| 要旨トップ | 目次 | 日本生態学会第57回全国大会 (2010年3月,東京) 講演要旨


一般講演(ポスター発表) P1-016

カラマツ一斉林の林齢や密度が個体の直径-樹高関係に与える影響

*滝谷美香(道林試道東)

人工林のような一斉林に成育する個体の樹高成長速度は,土壌や地形,気候などの環境要因に強く影響を受ける。一方,直径成長速度は個体間競争の影響を受け,樹高に比較して個体サイズ分布のばらつきが大きくなる。個体の直径ー樹高関係は,林齢や立木密度に影響を受けると考えられる。

北海道に植栽されたカラマツ人工林2083箇所において測定されたカラマツ個体のデータを元に,カラマツ個体の直径ー樹高に対して,林齢や立木密度,環境要因が与える影響について考察した。また,カラマツ個体の樹高を推定するモデルを検討した。

本研究では,これまでに発表された様々な形の非線形モデルから,拡張相対成長式,Richardsの成長曲線など用い,全個体の直径(cm)ー樹高(m)の関係に対して非線形回帰を行った。各式の当てはまりの良さはAICにより判断した。その結果,Richards式のあてはまりが最も良かった。

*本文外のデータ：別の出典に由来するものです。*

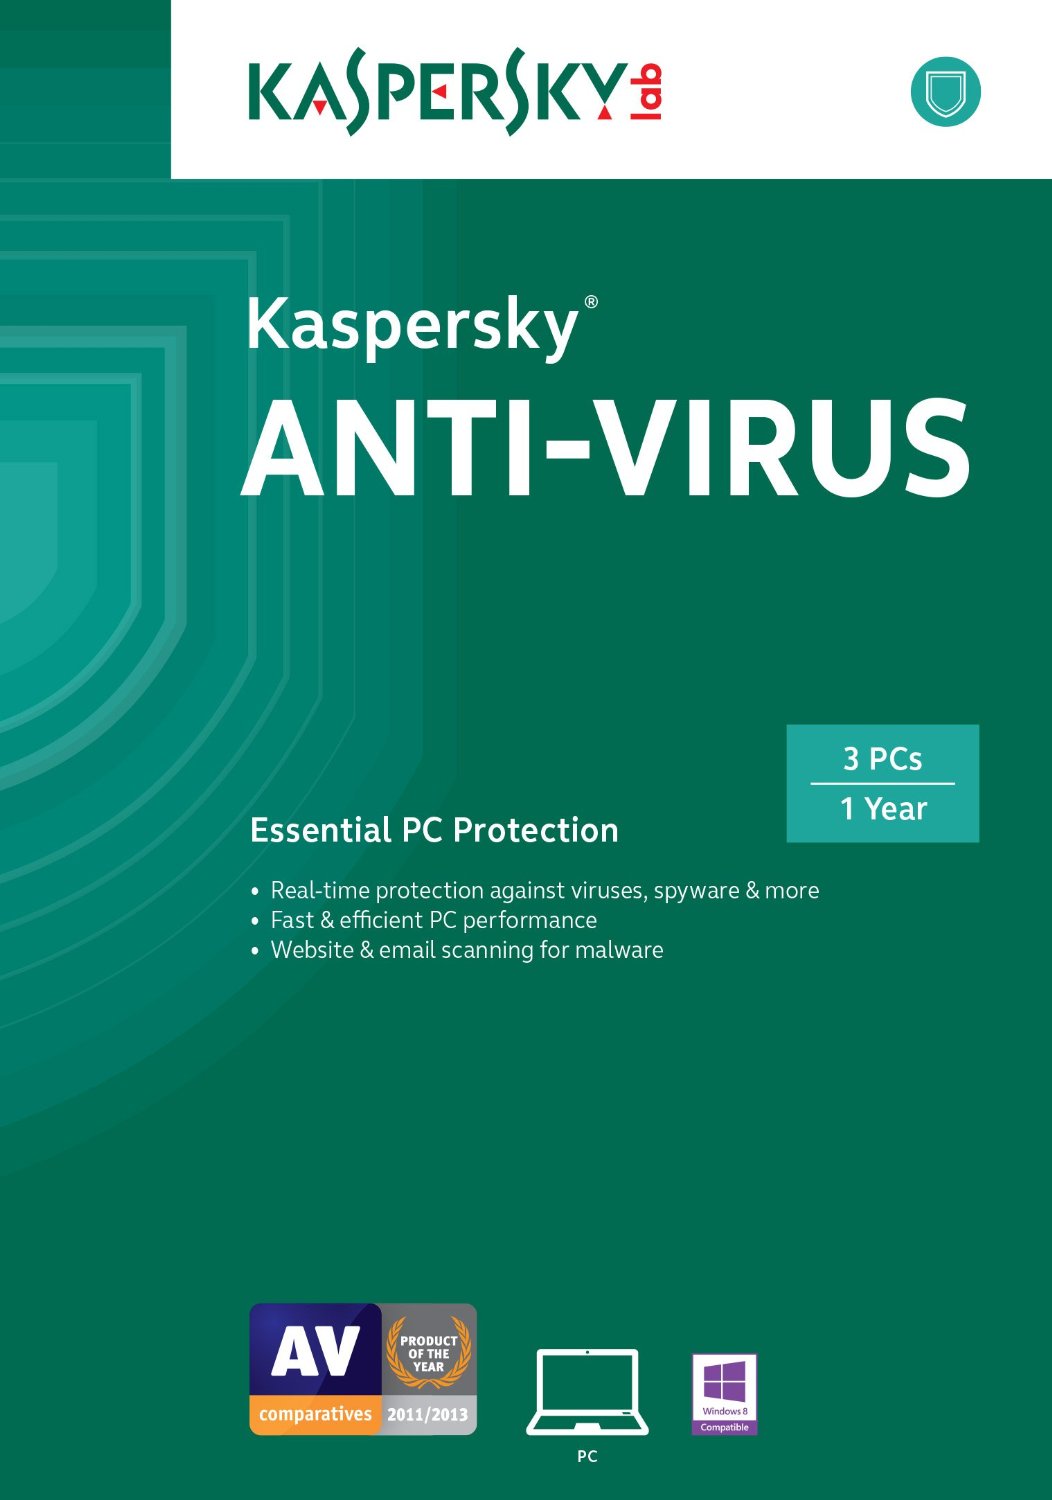 Kaspersky Virus Removal Tool 20.0.10.0 instal the last version for windows

Richards式のパラメータに対する林齢(年),立木密度(個体/ha),環境要因の影響を検討するため,ランダムに選択した200林分について,各林分毎に個体の直径ー樹高関係の非線形回帰を行った。環境要因を示す値として,地位指数を用いた。Richards式のパラメータのうち,曲線の最大値を決定するとされている値に対して,地位指数と林齢が正の,林分密度が負の影響を与えていることがわかった。これらの要因をパラメータを表す変数としてRichards式に代入し再計算を行った。その結果,推定される直径ー樹高関係のAICは向上した。特に大個体の推定値が改善された。